§ Provided material
********

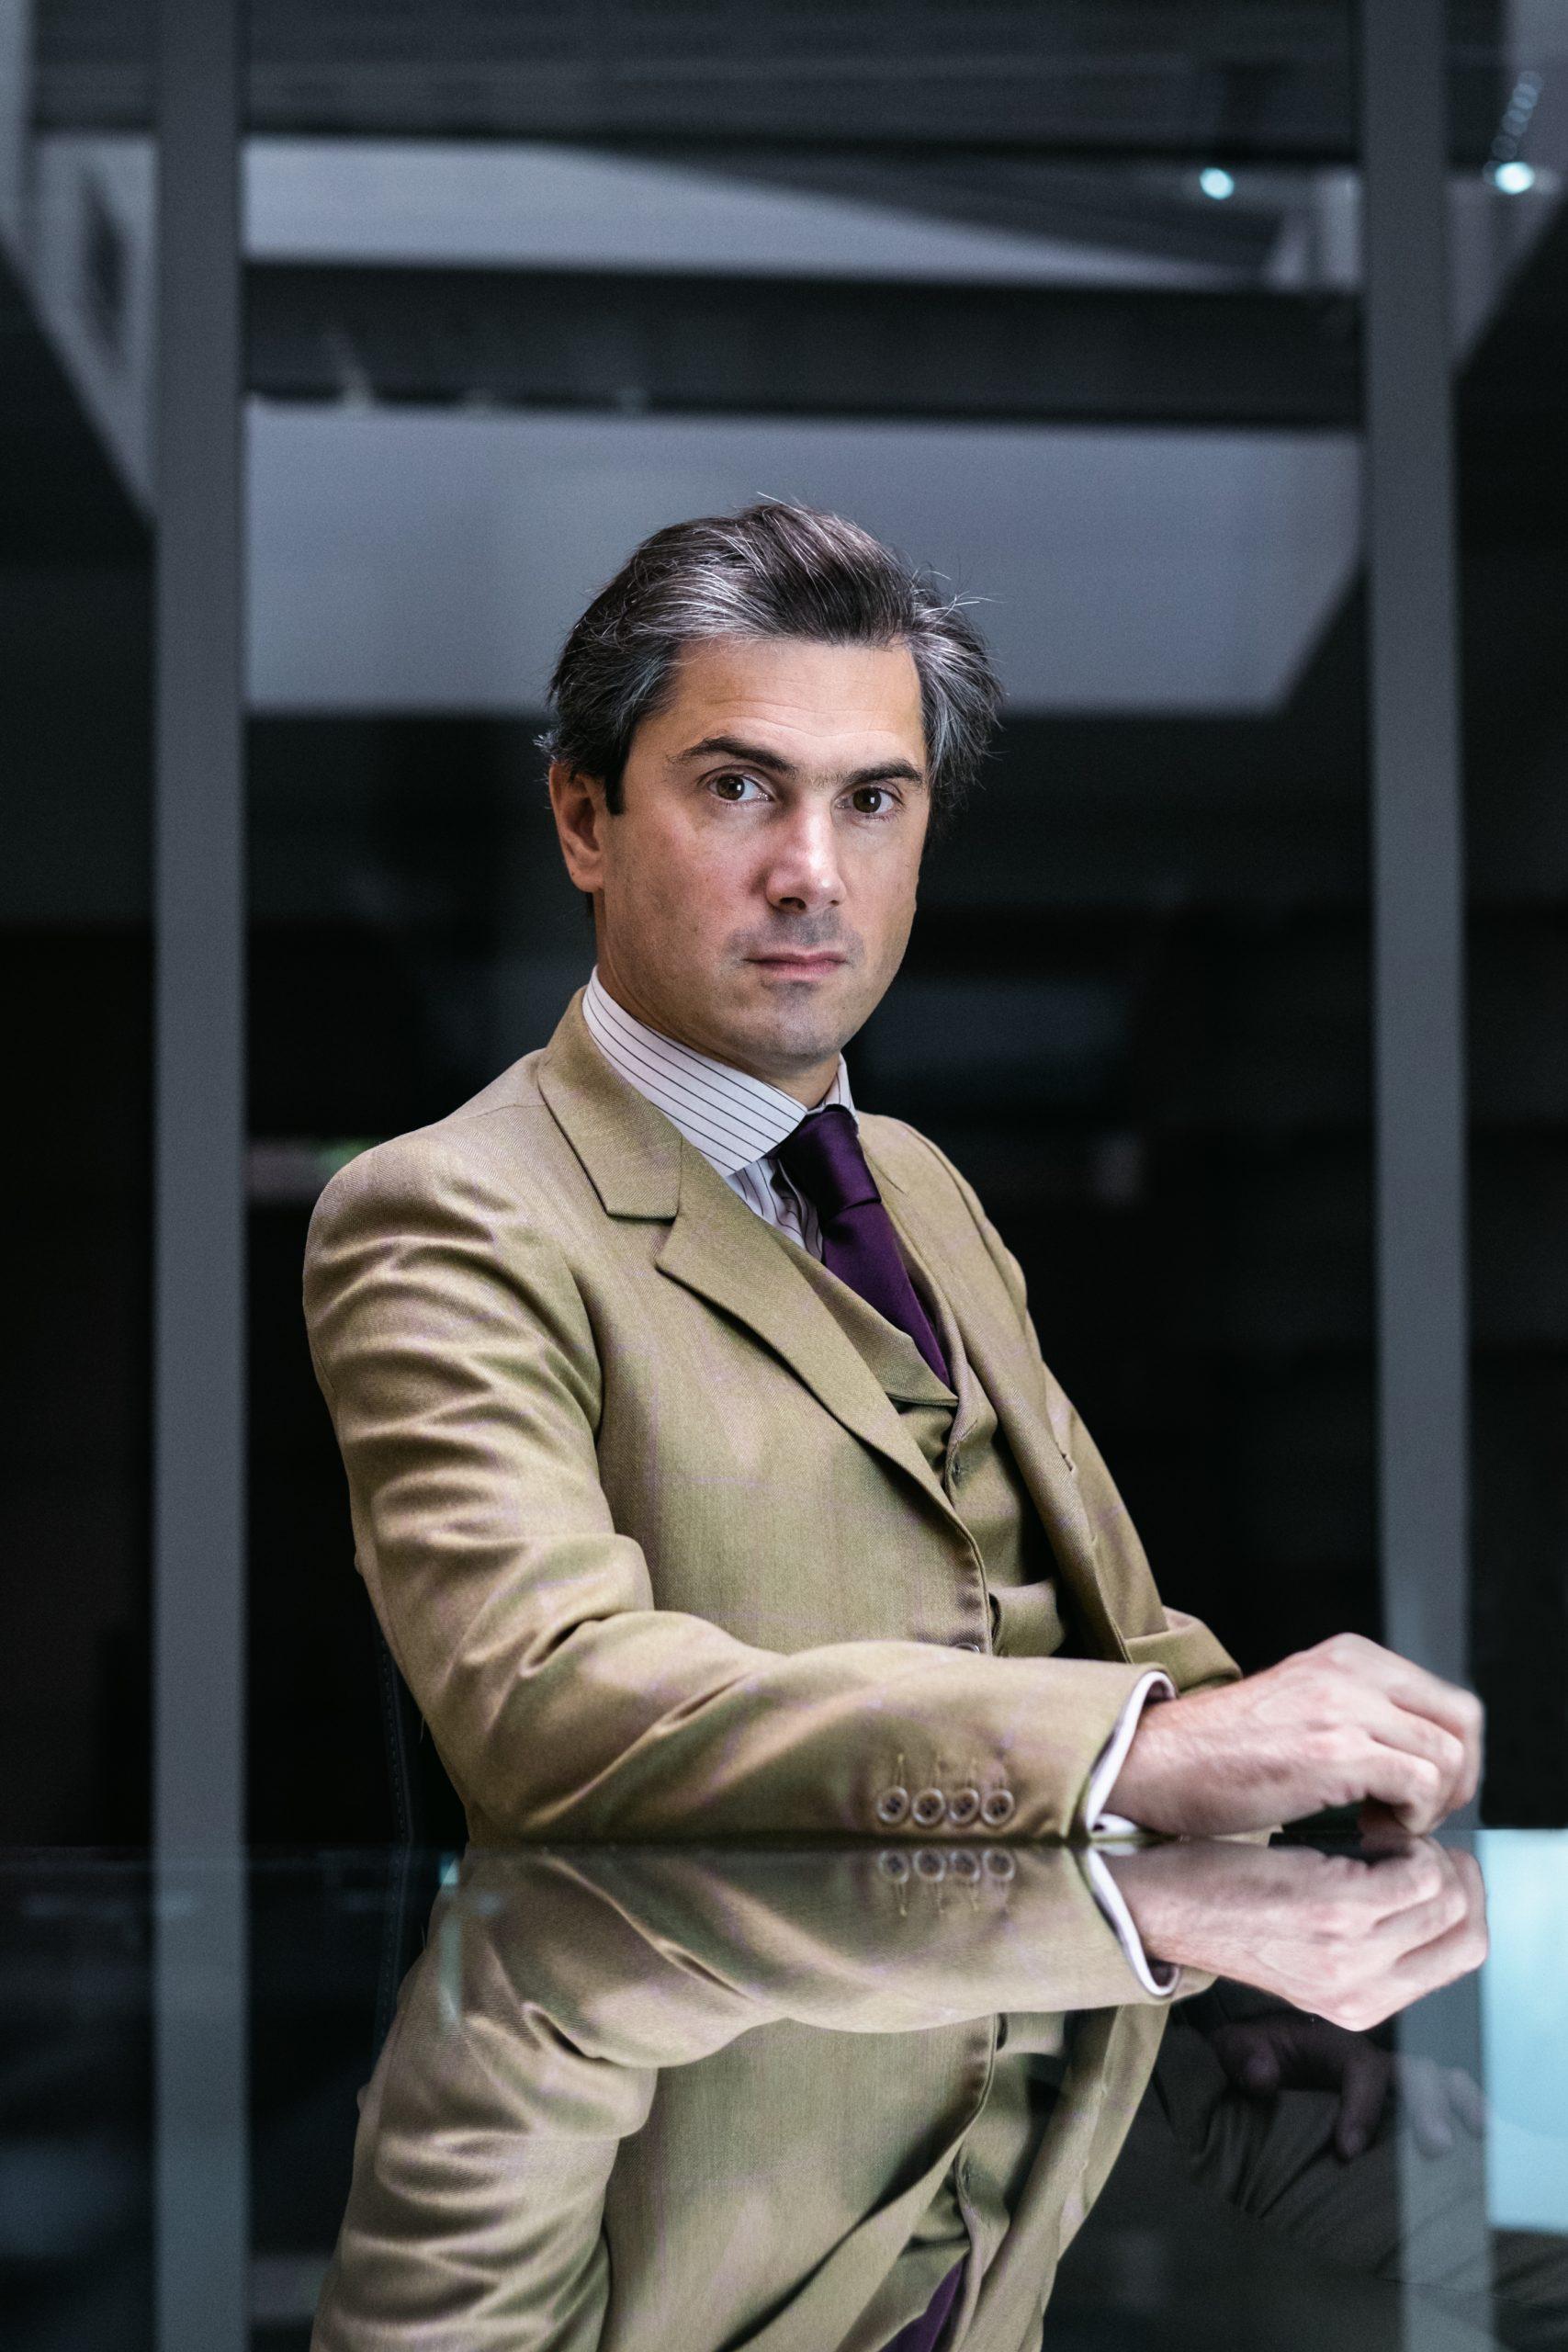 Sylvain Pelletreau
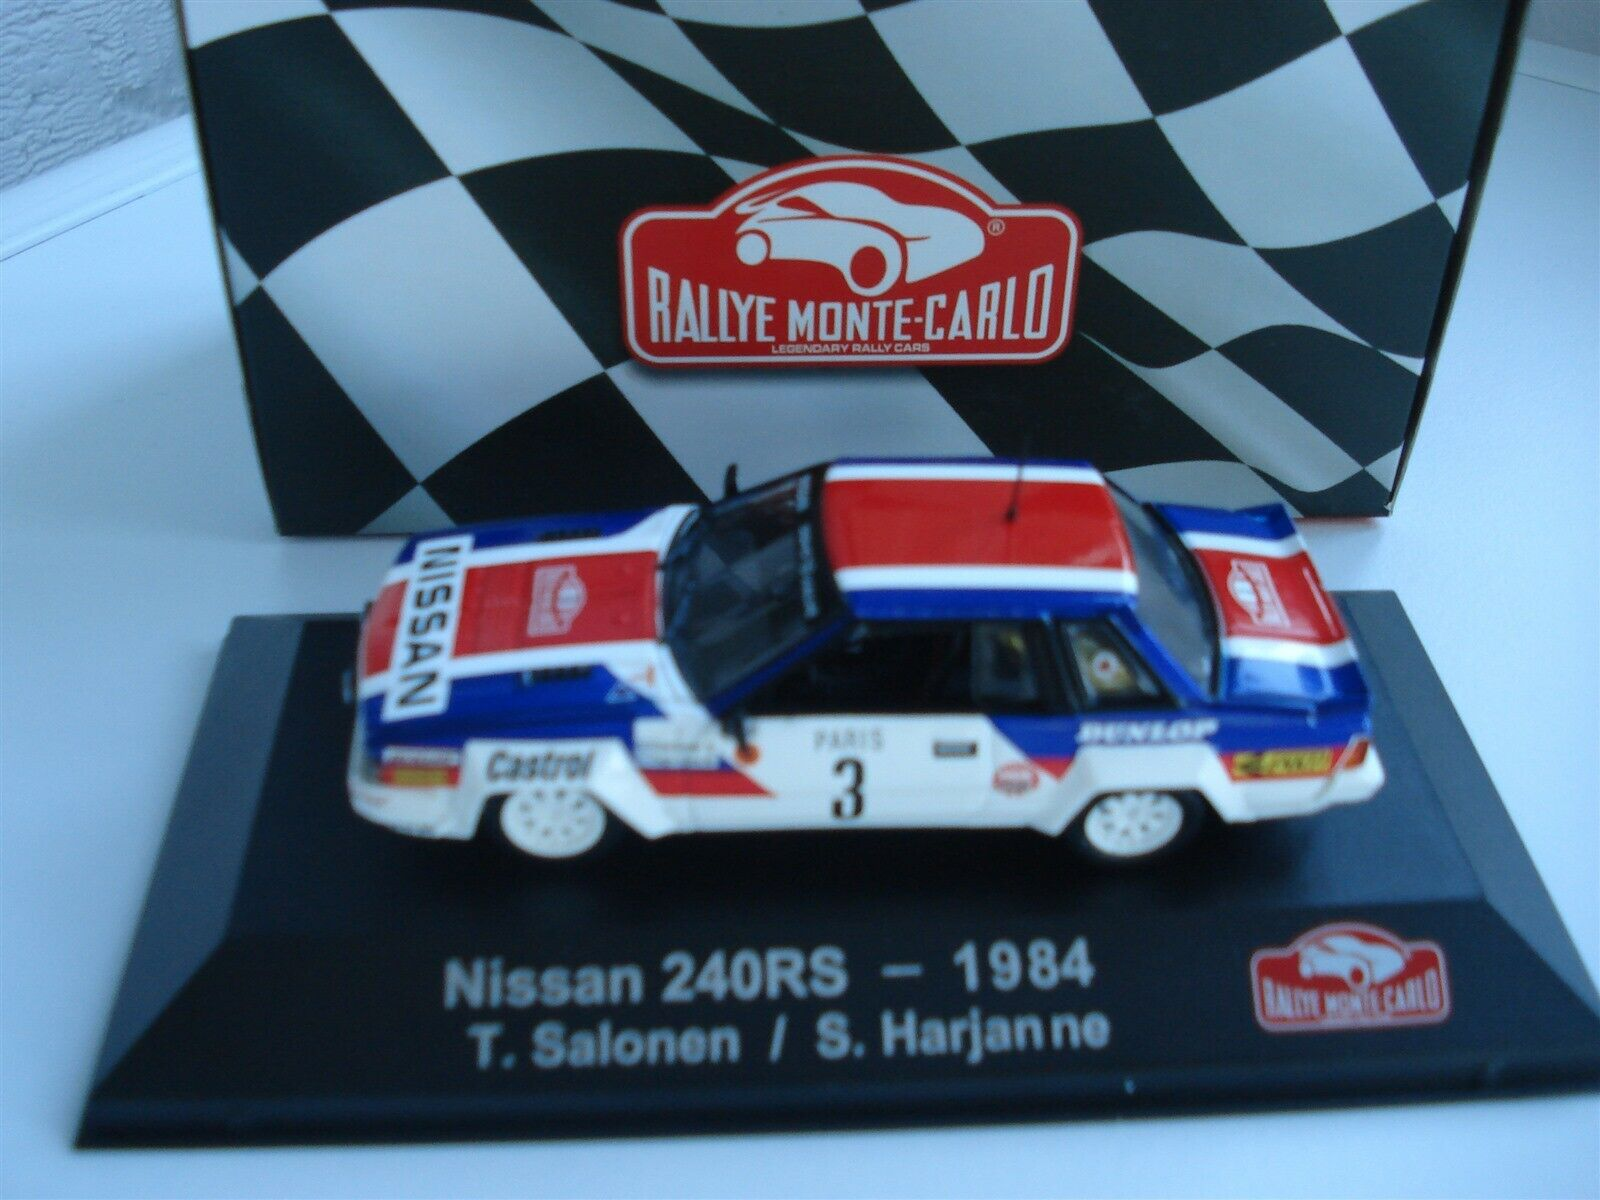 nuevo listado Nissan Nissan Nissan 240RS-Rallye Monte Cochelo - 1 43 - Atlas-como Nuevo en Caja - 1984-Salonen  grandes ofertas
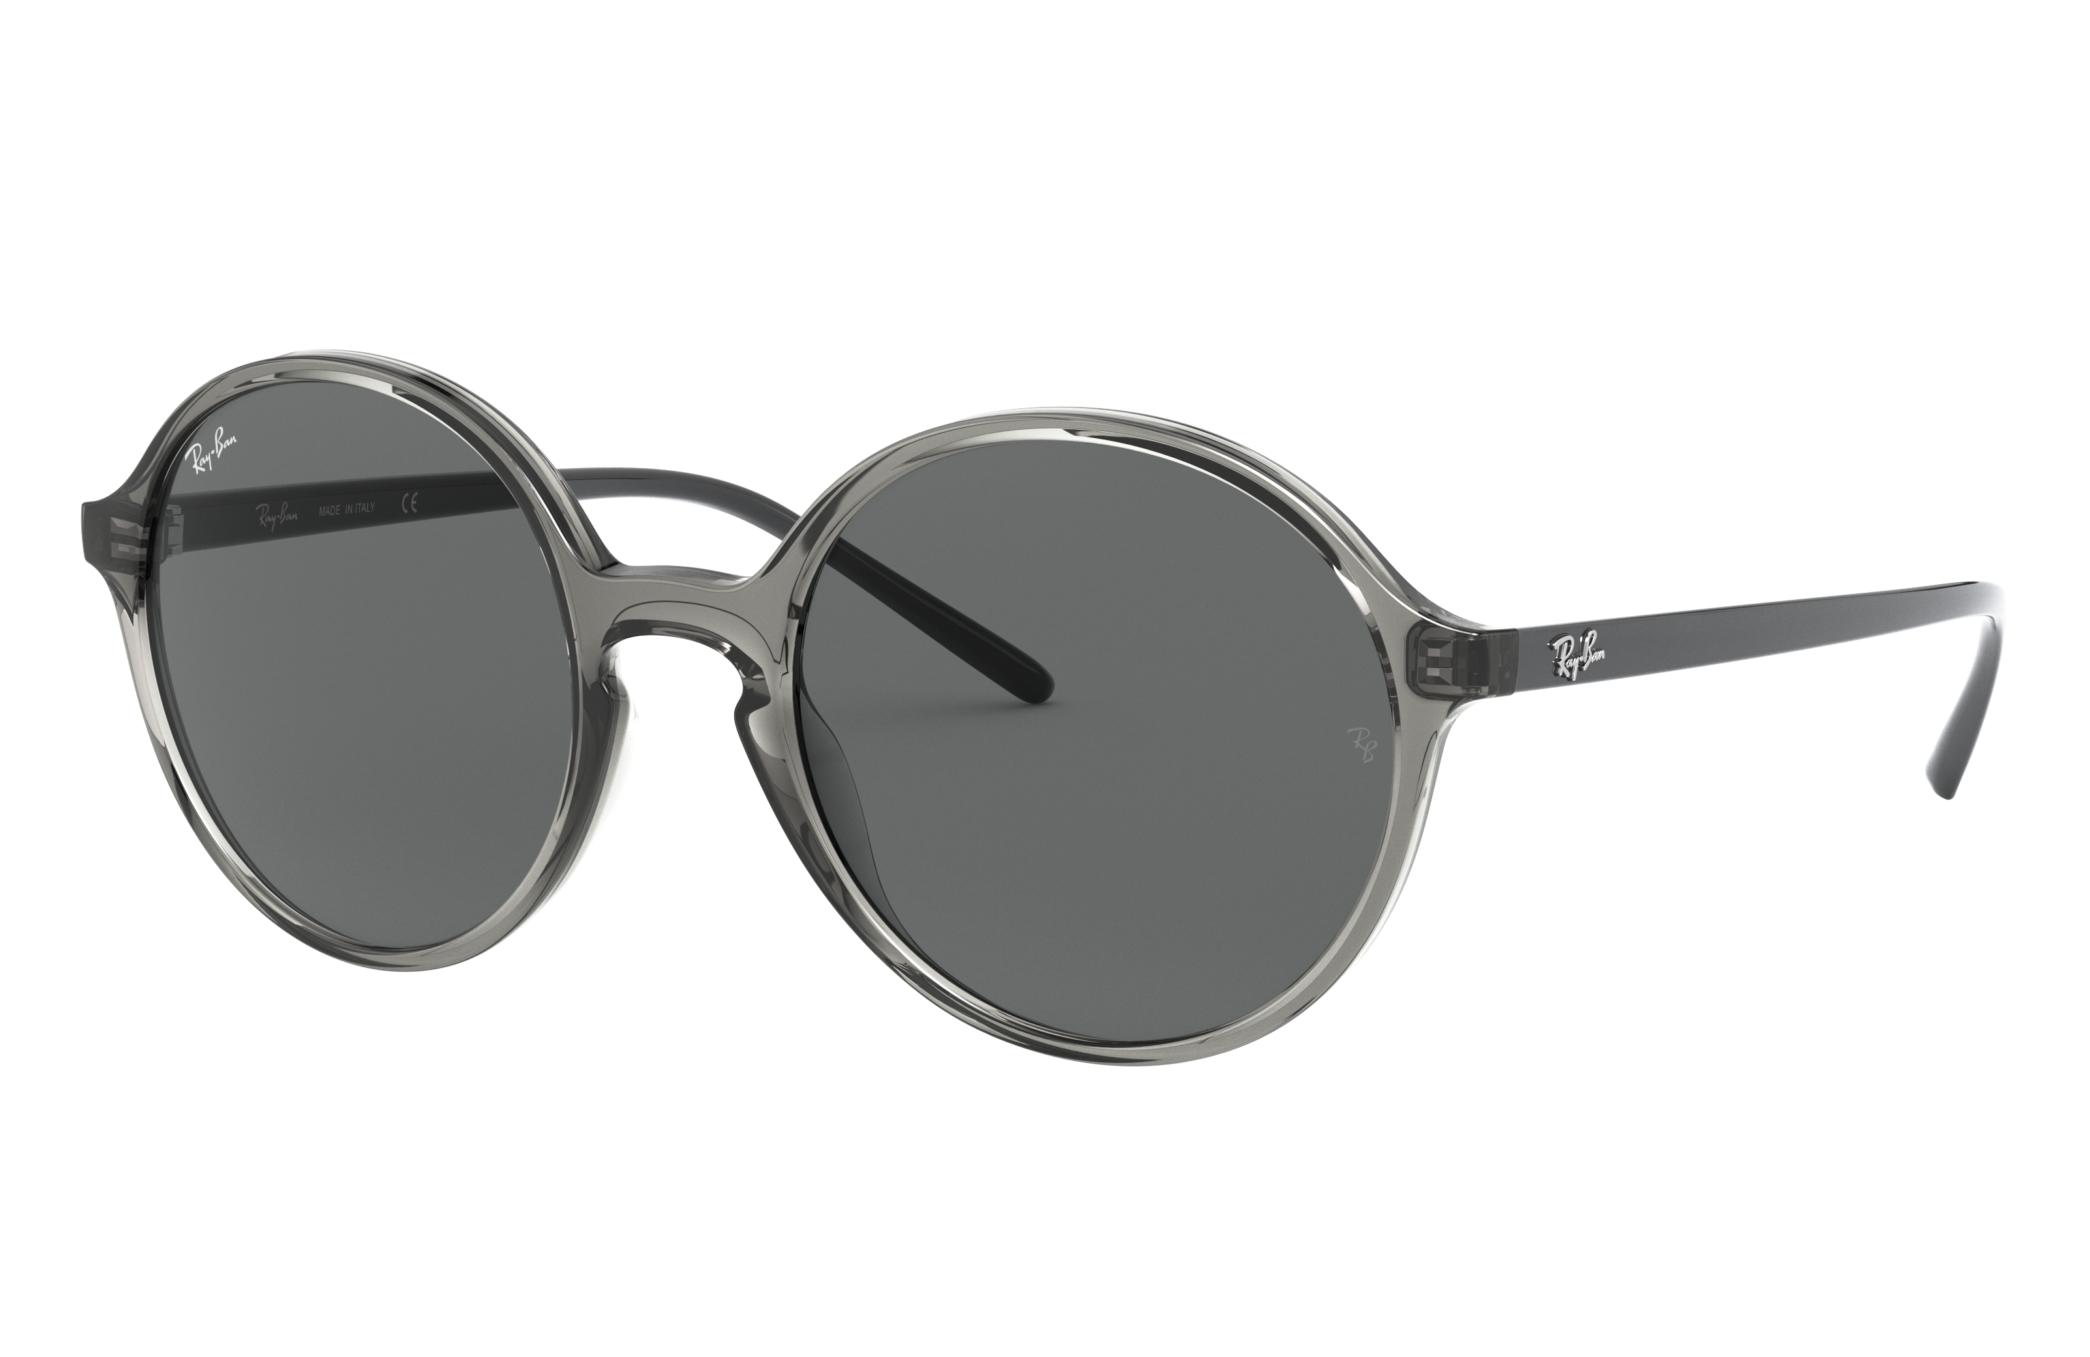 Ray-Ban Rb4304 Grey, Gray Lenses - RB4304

********

No pictures belong in the copy. Retype exactly, and only, the lines from the line containing "nuevo listado Nissan" through the last line of the data, both included.

 nuevo listado Nissan Nissan Nissan 240RS-Rallye Monte Cochelo - 1 43 - Atlas-como Nuevo en Caja - 1984-Salonen  grandes ofertas
 Ray-Ban Rb4304 Grey, Gray Lenses - RB4304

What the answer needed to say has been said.